Have you considered an outline that could use a common HC/49 crystal? For most people, a strange surface mount 4-pin crystal is likely something they won’t have on hand (and they’re more expensive). Take a look at how I do pads for crystals - that will take through-hole HC/49, SMD HC/49, and those cute mini HC/49 ones (the .28"x.16" ones), as well as many 2-pin SMD crystals, or through-hole cans style. Of course, if you’re going to be selling it assembled only, this doesn’t matter so much.

I was suggesting a diode between +5 and GND.
i.e. cathode to +5V and anode to GND.
The diode in this configuration does not conduct, however, if some old man accidentally hooks power backwards, the diode conducts fully therefore taking out the power supply but protecting the 2561.

Looks very nice.
.

VCC is available near IC pin 20, 49, 64, the FTDI header, the ICSP header. I could make the 5V select jumper shorted by default (jumper pad with trace) then 2 more pads would be available full time. I could add another by the ICSP header, and one more in the upper right corner.

Diode from Gnd (anode) to Vcc (cathode). How hefty of a diode? 2A capable?
Something like that would be in SMB type package
http://www.digikey.com/product-detail/en/S2J-TP/S2J-TPMSCT-ND/773715
and have to go on the top of the board so the bottom could stay low height.
I’ll see if I can put it in the top right hand corner, give up the board name and move the mounting hole towards the edge more.

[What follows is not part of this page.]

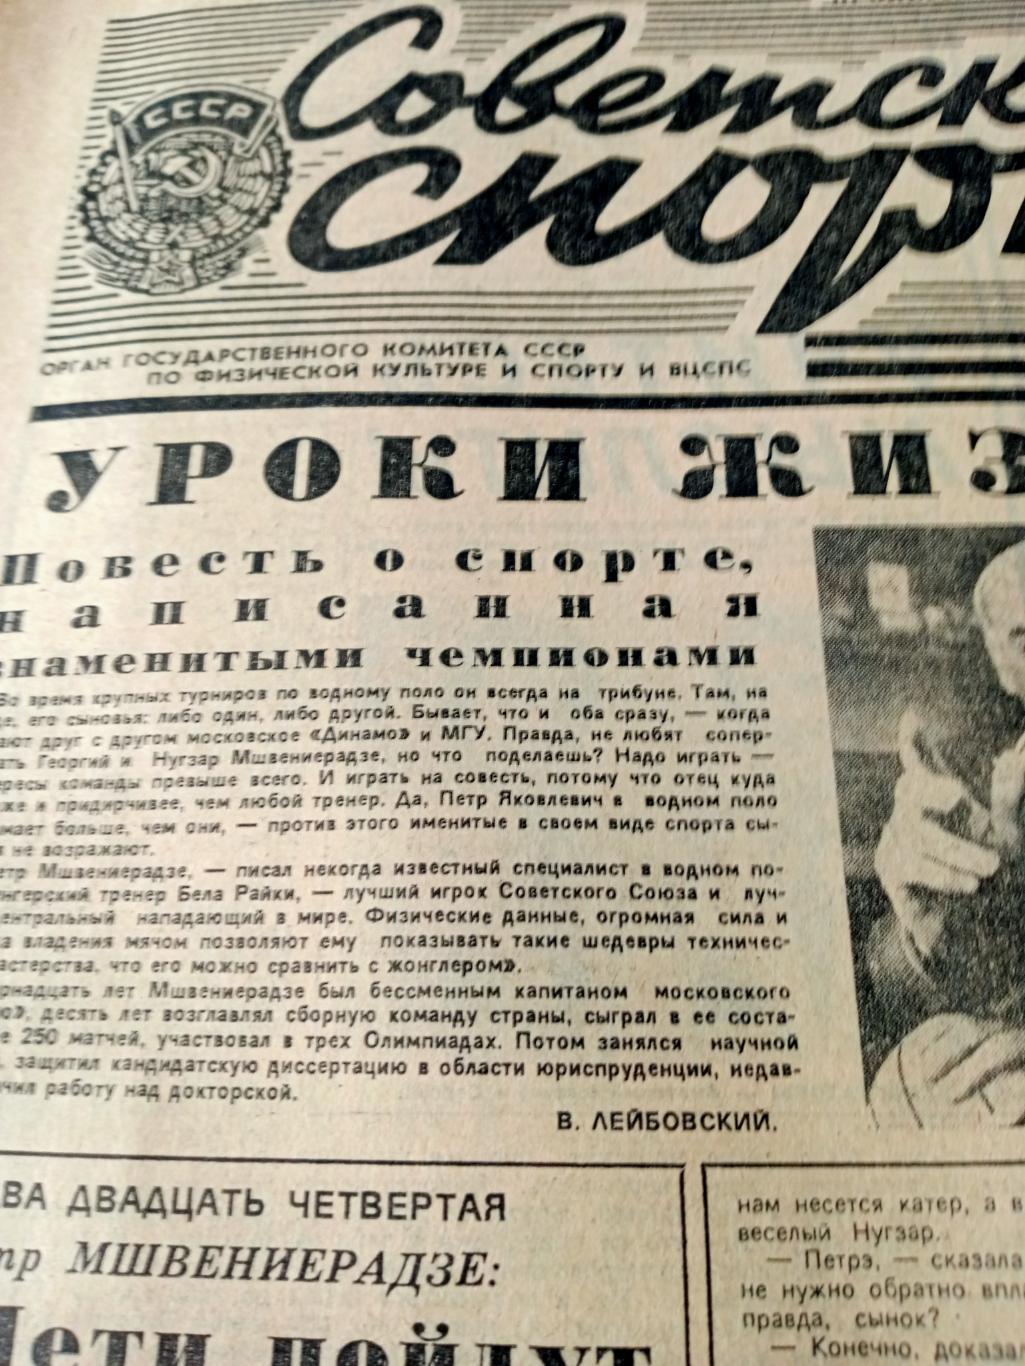 Советский спорт. 1985 год. 20 апреля. Уроки жизни - П. Мшвениерадзе
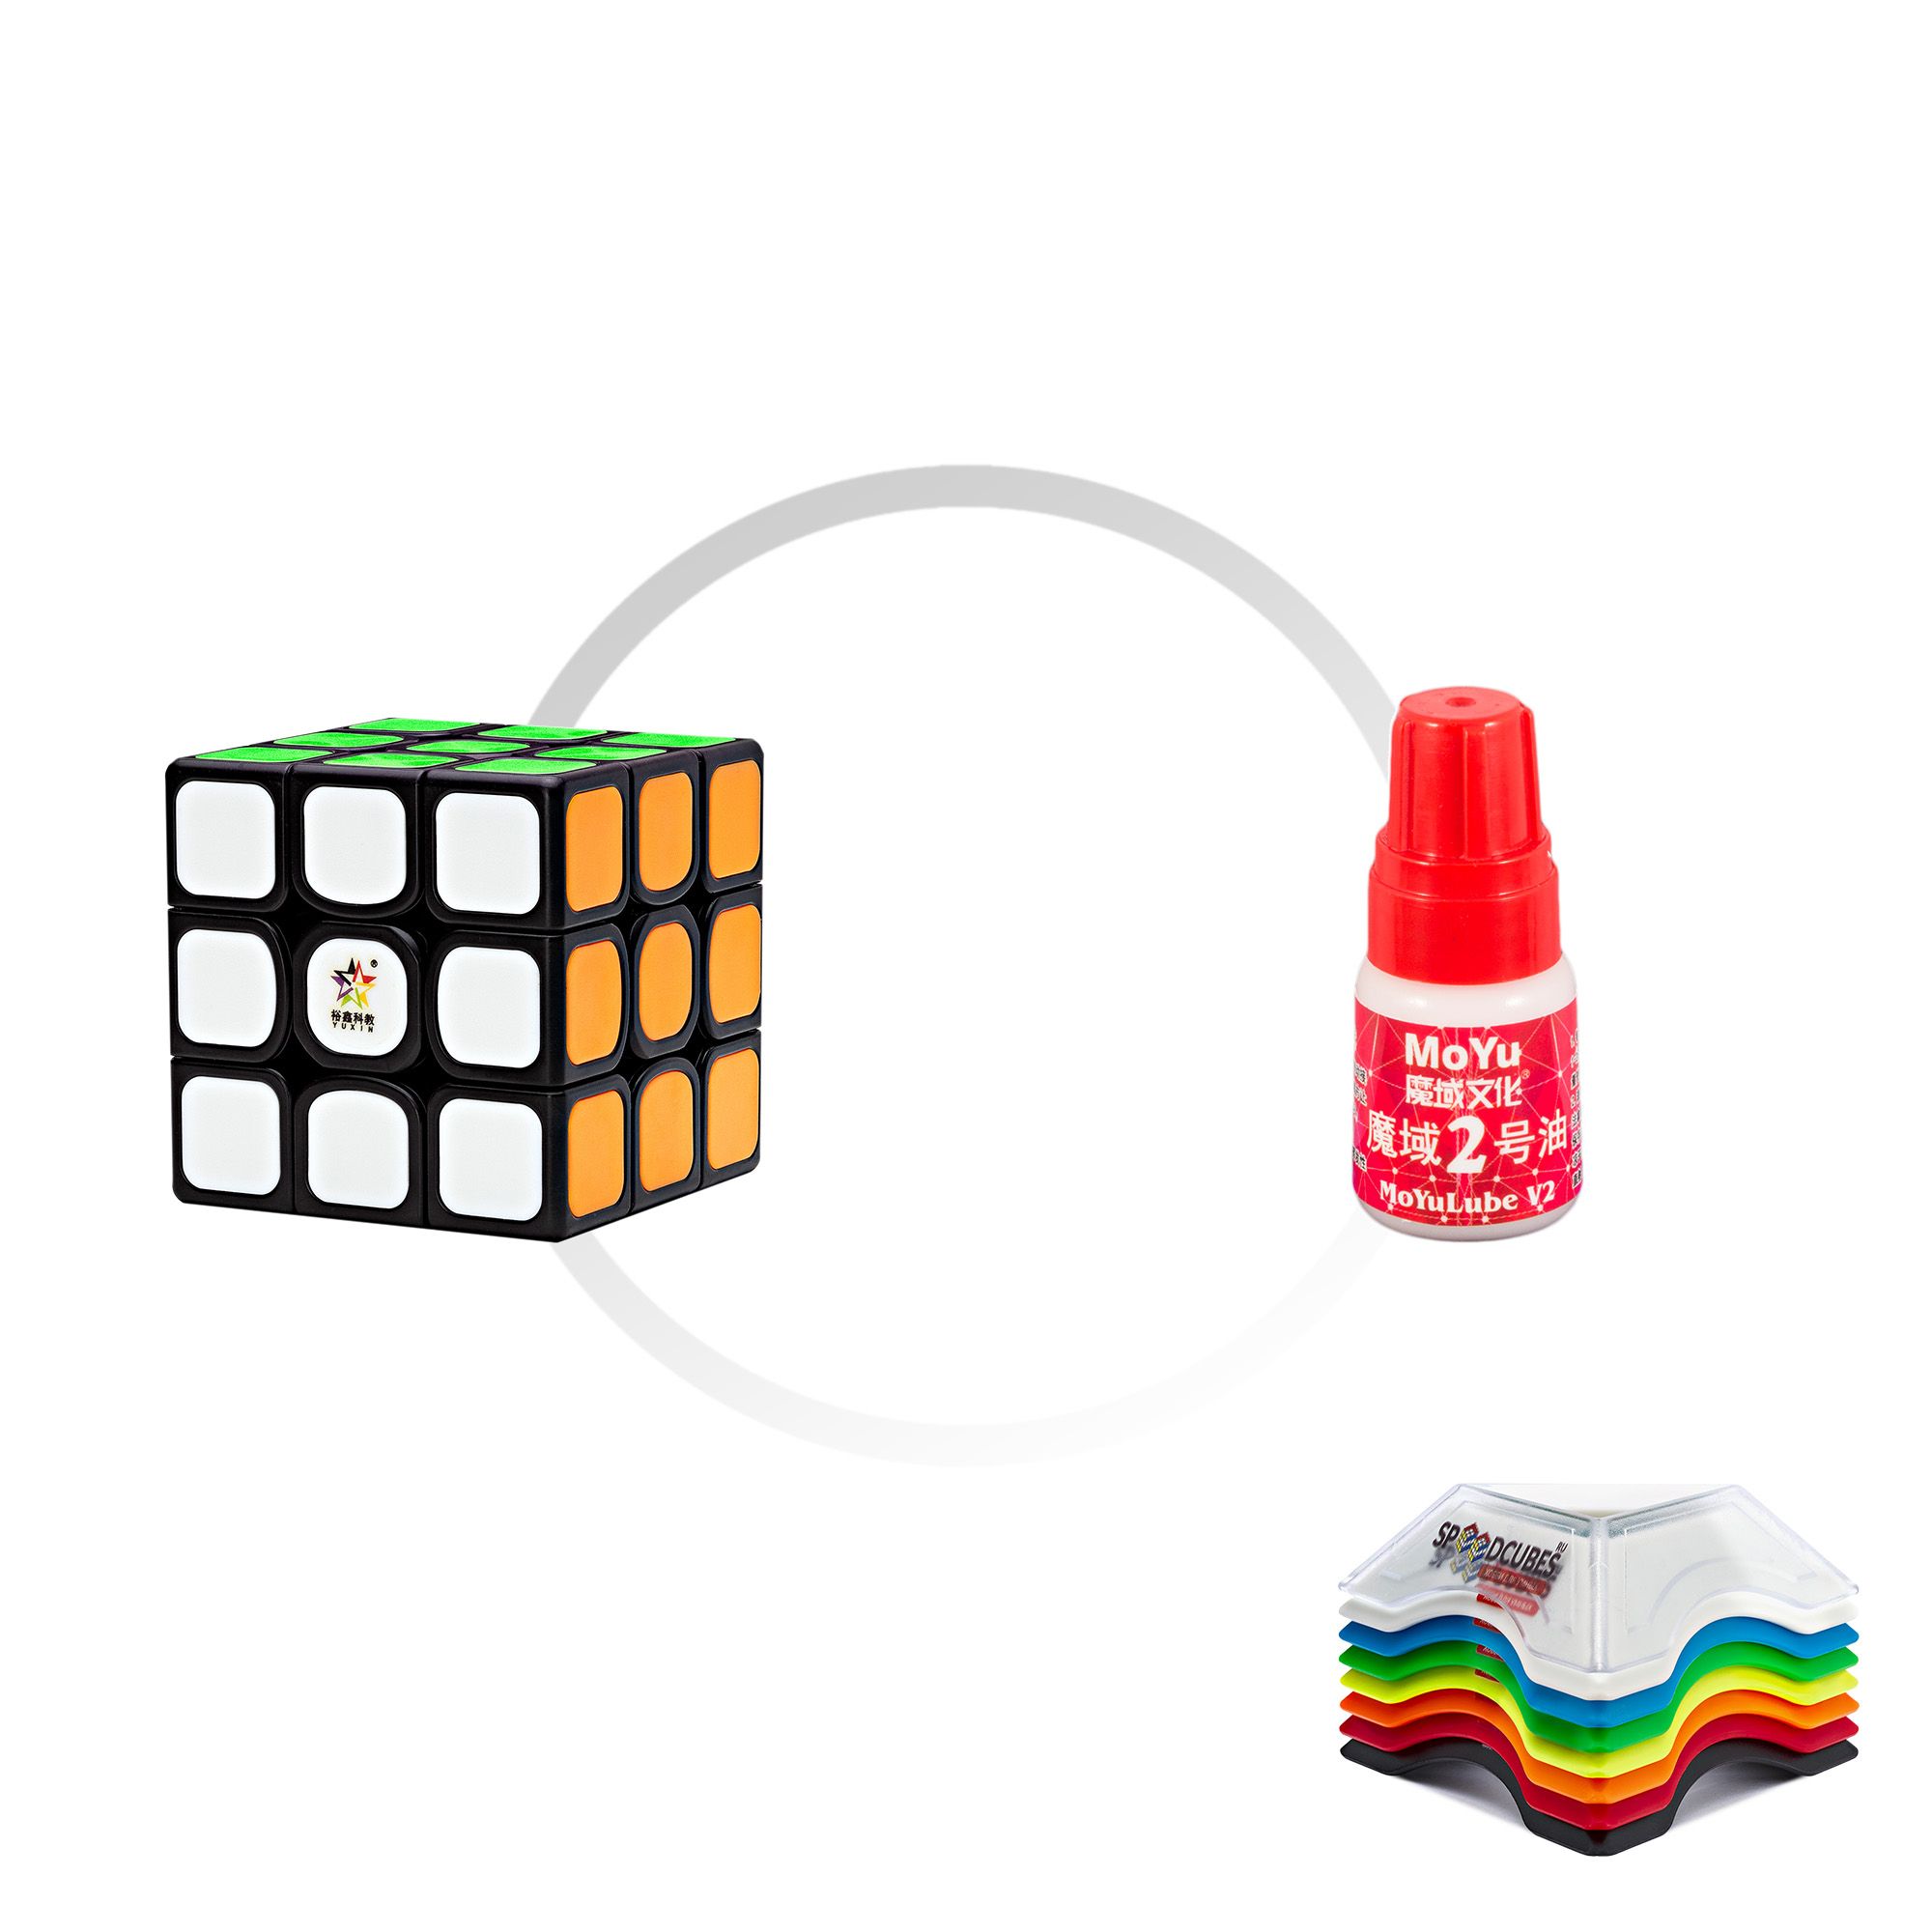 Комплект кубик Рубика скоростной YuXin Kilin Tiled v2 3x3x3 + смазка MoYu Red lube v1 + по

Will have to beef up the power traces, can’t have them acting like fuses if power should be backwards.

Crystal - I wasn’t planning on offering this as a kit, so having place for HC49 type parts (or even the smaller XC1776
http://www.digikey.com/product-detail/en/ECS-160-20-3X-TR/XC1776CT-ND/2676640
which I have on the Bobweeny


would need to go on the top, requiring the board footprint to grow to make room for it.

This board will be used with limited output power supplies.
It would be great to have the diode survive an accident but, not necessary.
The diode could be considered sacrificial, replace it, if it shorts.
I am sure your experience is as mine, silicon diodes go short in a situation like I am suggesting.
This diode hopefully will never be used, only in an accidental situation, which may happen during experimental or inexperienced user applications.
The diode's function is to protect the hard to replace/unsolder and expensive 2561.
If nothing else, pads to accomidate it would be nice.
The diode you linked looks great, but a 1/2 or 1 amp package would work, may have to be replaced on a fault.

Edit:
I like beefy power traces. :slight_smile:

My guess is Bob will supply a finished product, the crystal selection is his choice not the end user.